A Novel Fibrin Matrix Derived from Platelet-Rich Plasma: Protocol and Characterization

Abstract

Although fibrin matrices derived from Platelet-Rich Plasma (PRP) are widely used in regenerative medicine, they have some limitations that can hinder their application. Modifying the composition of the PRP-derived fibrin matrix may improve its properties, making it suitable for certain medical uses. Three types of fibrin matrices were obtained: a PRP-derived fibrin matrix (FM), a PRP-derived fibrin matrix with a high fibrinogen content and platelets (FM-HFP) and a PRP-derived fibrin matrix with a high fibrinogen content (FM-HF). The fibrinogen levels, biomechanical properties and cell behavior were analyzed. The presence of platelets in the FM-HFP generated an inconsistent fibrin matrix that was discarded for the rest of the analysis. The fibrinogen levels in the FM-FH were higher than those in the FM (p < 0.0001), with a concentration factor of 6.86 ± 1.81. The values of clotting and swelling achieved using the FM-HF were higher (p < 0.0001), with less clot shrinkage (p < 0.0001). The FM had a significantly higher stiffness and turned out to be the most adherent composition (p = 0.027). In terms of cell viability, the FM-HF showed less cell proliferation but higher live/dead ratio values (p < 0.01). The increased fibrinogen and platelet removal in the FM-HF improved its adhesion and other biomechanical properties without affecting cell viability.
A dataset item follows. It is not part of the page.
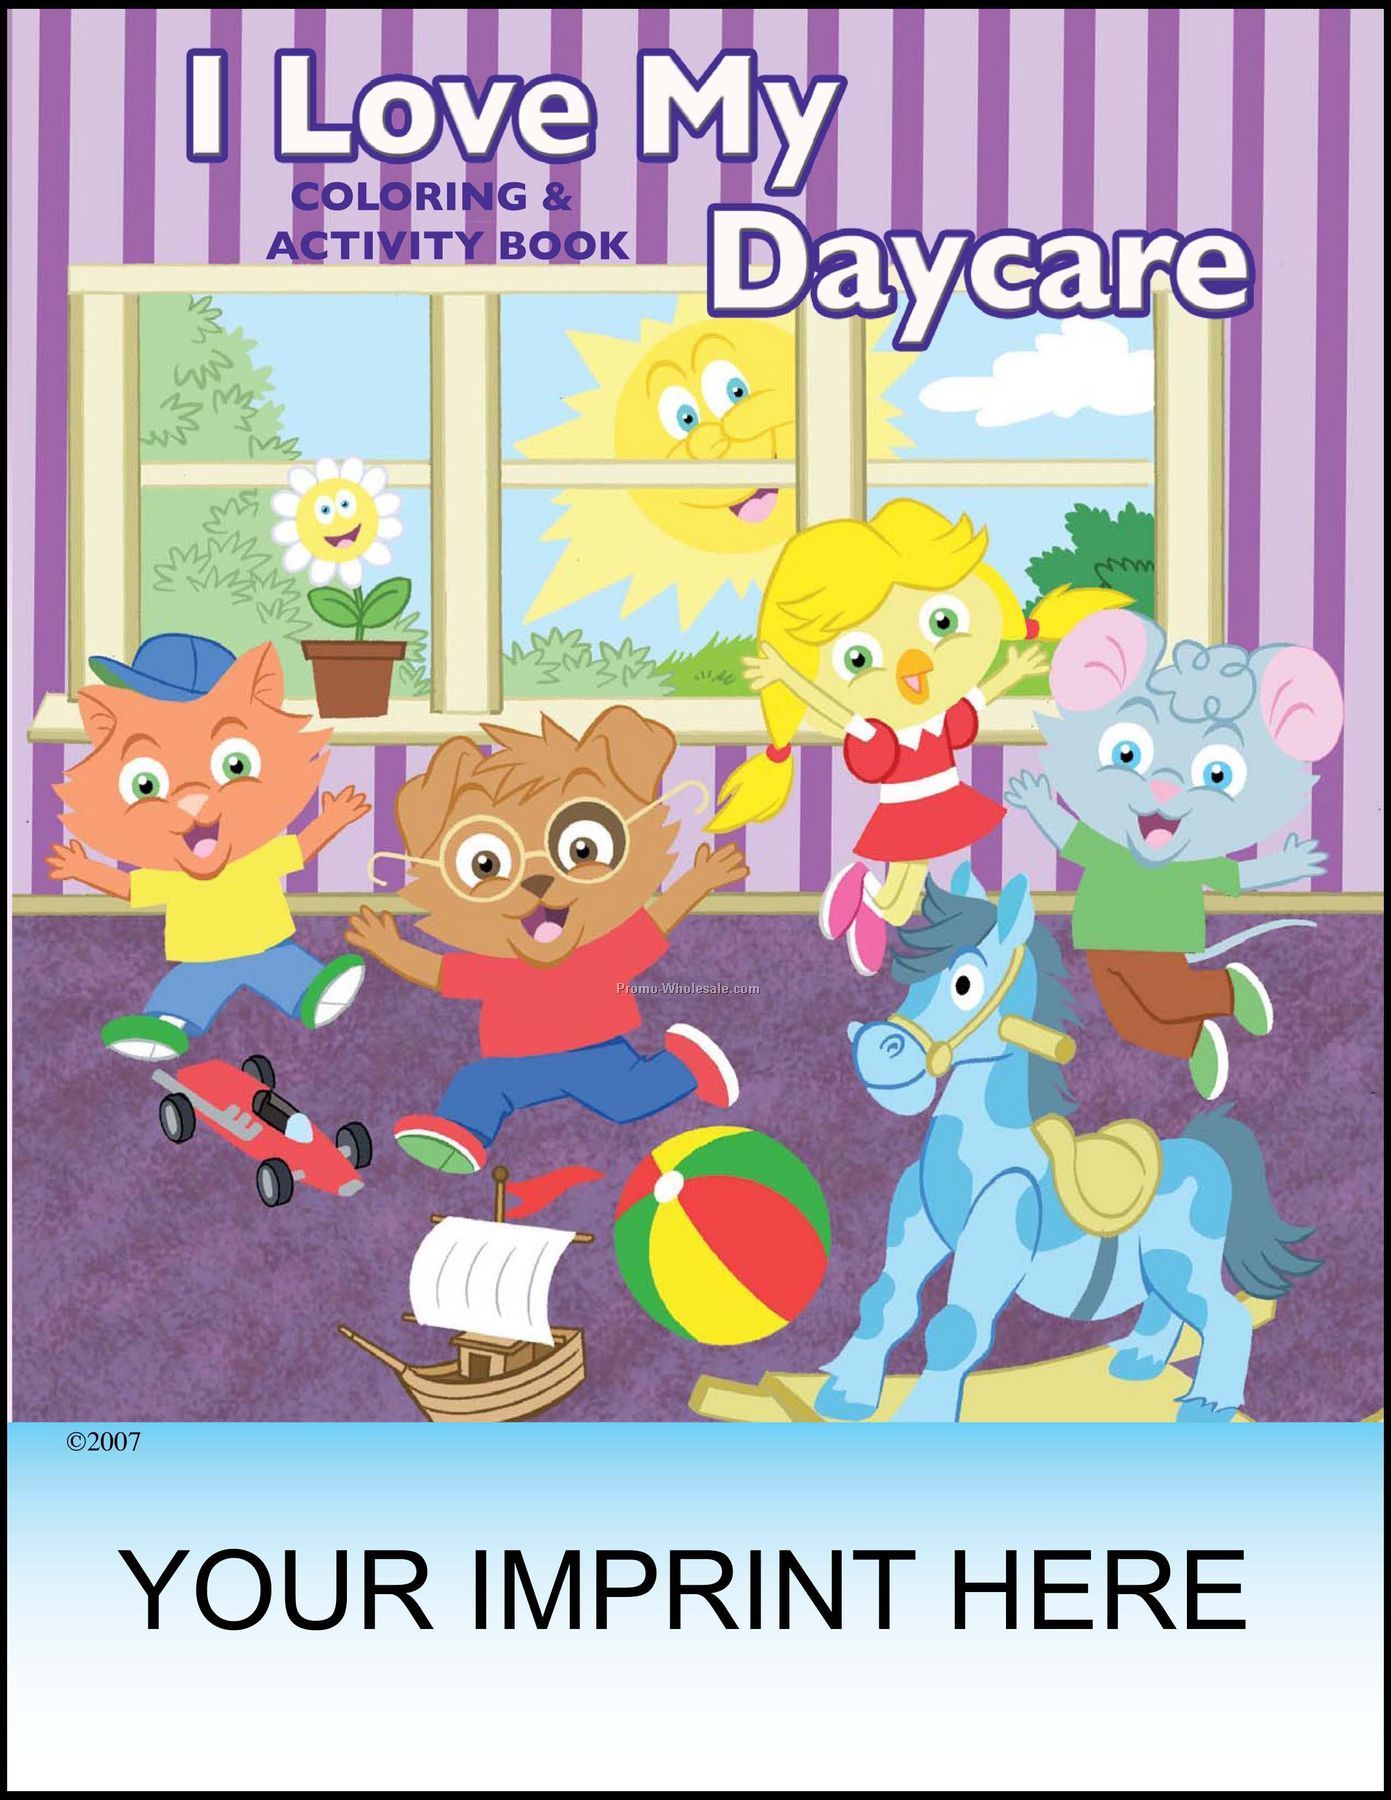 8-3/8"x10-7/8" I Love My Daycare Coloring & Activity Book

Keywords: fibrin; fibrinogen; growth factors; matrix; platelet-rich plasma; platelets; scaffold.

Figure 1

Fibrinogen concentration for matrix preparation. The graph represents the concentration of fibrinogen in blood (basal levels), in the PRP used to prepare the FM and in the fibrinogen concentrate (FC) used to create FM-HF. Error bars = standard deviation (n = 8). Statistically significant differences were calculated using one-way ANOVA (**** p < 0.0001).

Figure 2

Retraction of the matrices. Macroscopic images show the initial volume of FM (A) and FM-HF (B) and the volume after 24 h, showing retraction in FM (C) and not in FM-HF (D).

Figure 3

Surface of the matrices. SEM images show that the FM surface is rougher (A), with more contracted fibrin fibers (B). In contrast, the FM-HF surface is smoother (C), with more evenly arranged fibers (D).

Figure 4

Mechanical properties of the matrices. The graphs represent Young’s modulus (stiffness) (A), the dissipation energy (cushioning) (B) and the adhesion capacity (C) of the FM and the FM-HF. Error bars = standard deviation (n = 8). Statistically significant differences were calculated using Student’s t-test (* p < 0.05; **** p < 0.0001).

Figure 5

Images of live/dead assay. Fluorescence microscope images show live (green) and dead (red) cells at 24 h in the FM (A) and the FM-HF (C) and their evolution after 120 h of culture, with a greater increase in the number of live and dead cells in the FM (B) than in the FM-HF (D). Scale bar = 500 µm (5× objective).

Figure 6

Cell viability. Data show a greater increase in both live and dead cells in the FM (A) than in the FM-HF (B). In both matrices, there is proliferation over time; however, the live/dead ratio is higher in the FM-HF (C). Error bars = standard deviation (n = 4). Statistically significant differences were calculated using Student’s t-test (* p < 0.05; ** p < 0.01).